Every Tone contains, within itself, a sprawling network of frequencies which we call the Harmonic Series. Contemplation of this Harmonic Series marks the beginning of an understanding of the structural laws of Harmony. The Harmonic Series is the only naturally created harmonic structure, and it lies the DNA for every harmony that has existed or will exist. In all harmony, we hear its traces. To listen to a harmonic progression is to be dizzied by many fragments, refractions, inversions, and transformations of the Series.
What is meant by the word "structure?" At a quick glance, the harmonic series does not appear to be a “structure” so much as a linear set of harmonic identities stretching from tonic to infinity. But, with a keener ear, one begins to detect something below this superficial ordinal level of the series. One begins to notice which harmonics resemble each other and which harmonics contrast, which harmonics are structurally cohesive and which are decorative, which harmonics relate to each other and which create opposing acoustical feelings. In short, one who contemplates the series long enough will begin to understand that it is a structure, an intricate network of relationships between harmonics.
The field of music theory, due to its rigid interval-centrism, has yet to conceive of the shape of this network. It has yet to even understand what a TONE is, let alone to peer into the inner-structure of this Tone and to develop a science around it. Just as Renaissance artists benefitted greatly from secretly opening up dead bodies and, for the first time, getting to understand the anatomy of men, so too will we musicians benefit from peering into the structure of the Harmonic Series and, for the first time, getting a real sense of Tonal anatomy!

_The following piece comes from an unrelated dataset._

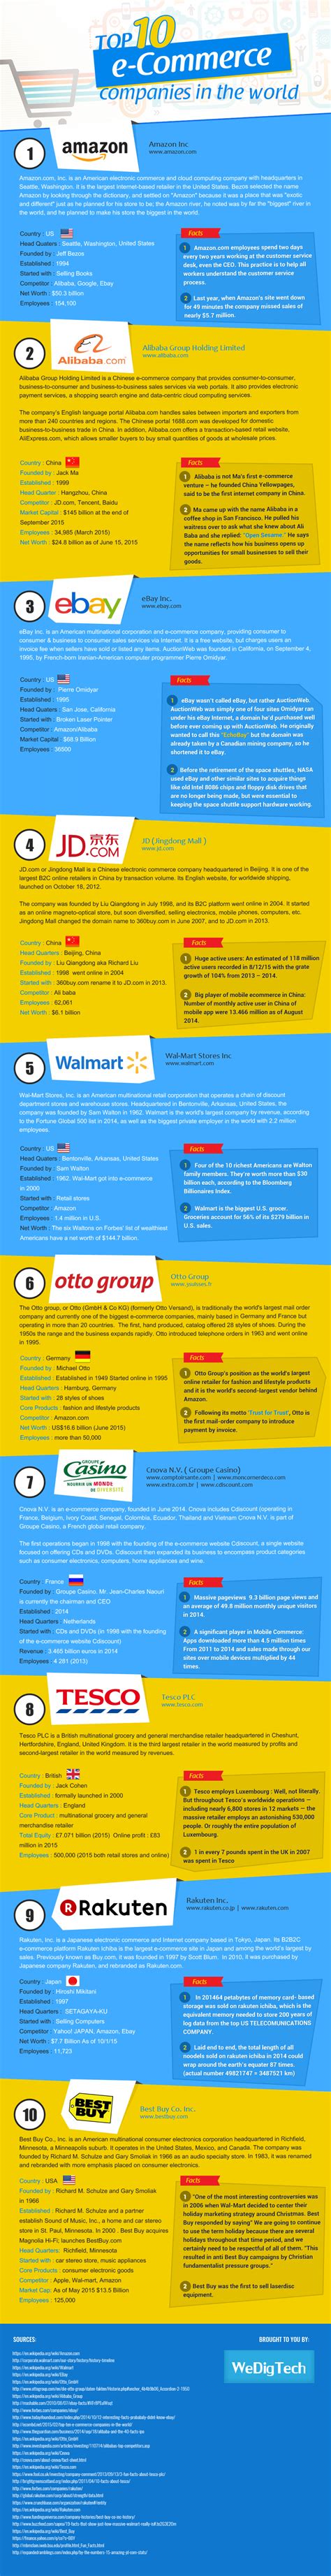 Top 10 e-commerce companies in the world - an infographic | Techno FAQ

The closest we can come to understanding a thing is being able to imagine it. If we can conjure up a mental image of something in our head, that is the truest form of intellectual intimacy. Therefore, let’s try to construct an image of the Harmonic Series from the bottom up.
At the core of the Harmonic Series lies the tonic, the tonal nucleus which establishes the pitch-feeling of the entire acoustical body.
Out from the seed of the tonic springs the entire branching network of harmonic identities. First comes the 2nd harmonic, the tonic’s double, the first and most rudimentary extension of its pitch-feeling into harmonic space. From the 2nd harmonic, we get the so-called “octave” interval.
Then, out from the 2nd springs the 3rd, which creates our “perfect 5th” interval.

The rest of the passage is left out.